The popularity of FrankenCovid on the right demonstrates that even among immigration hawks, there’s still a huge reluctance to blame “a people” or make value judgments about cultures and ethnicities. And that’s why immigration restrictionism is likely doomed in the long run. Values-neutral nativism is a fool’s quest. If the West isn’t superior and the Third World inferior, if no one is primitive and nothing is barbaric, if it’s always the government and never the people, then why restrict immigration? To protect jobs? Okay, then what’ll your reason be once the economy recovers?
If we can’t condemn China for a century of epidemics and pandemics, we can’t condemn anything.
To be clear, once the virus began to spread, the CCP did plenty of foul things.

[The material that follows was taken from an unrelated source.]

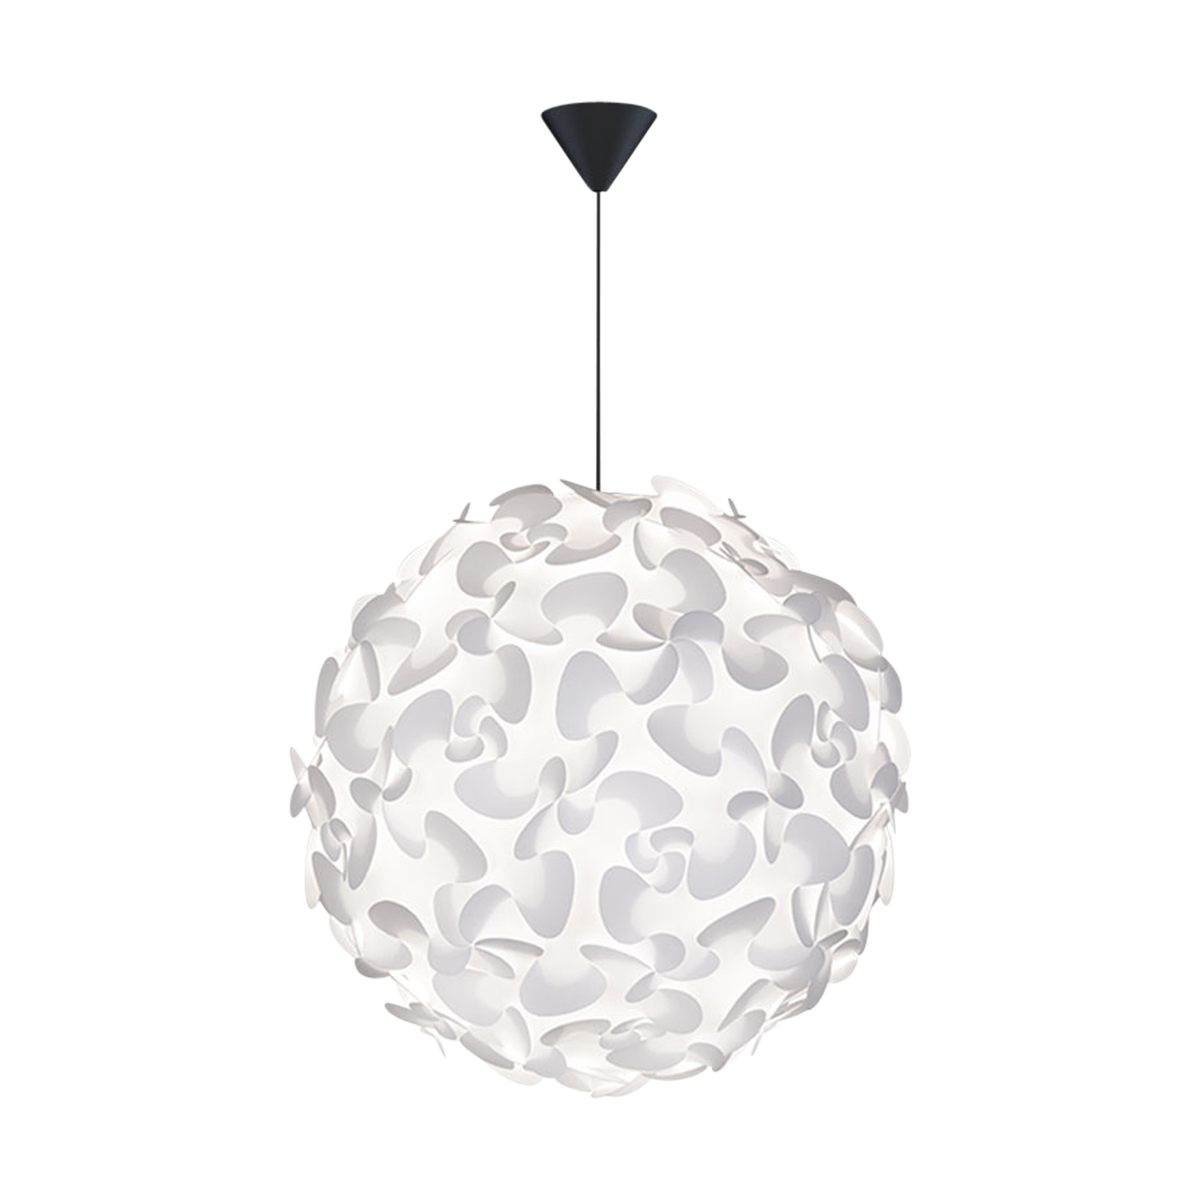 Lora Medium hanglamp white - met koordset zwart - Ø 45 cm

And if we want to sanction China for its government’s actions in response to the pandemic, fine. But if those sanctions are based on the unfounded theory that the Wuhan lab caused the pandemic, then all China will need to do is show that the lab—which has always hosted international observers and scientists—is clean and secure, and those sanctions will lose their raison d’être. Meanwhile, the problem of China’s zoonotic outbreaks will go unaddressed, to the delight of Chinese officials happy to avoid the pushback that greeted the SARS market closures, and cowardly U.S. politicians and pundits who don’t want to appear racist.
“America First” Steve Bannon declaring that the Chinese are “the single biggest victims here” lays bare the emptiness of that catchphrase. FrankenCovid evangelists believe that Covid is lab-mutated SARS, and nobody denies that we only have SARS because of perverse Chinese animal consumption. So not even FrankenCovid acolytes should claim that the Chinese people are bigger victims than the millions of Americans whose lives have been ruined by this pandemic. Meanwhile, Tucker Carlson continues to churn out lies in defense of Chinese barbarity, stating on April 17 that the wet markets couldn’t possibly have birthed Covid because they don’t sell mammals—arguably the most blatant untruth uttered on any cable news show all year (and that’s saying a lot).
Covid-19 kills people, but the right’s response is killing reputations…and exposing the true priorities of supposed America Firsters.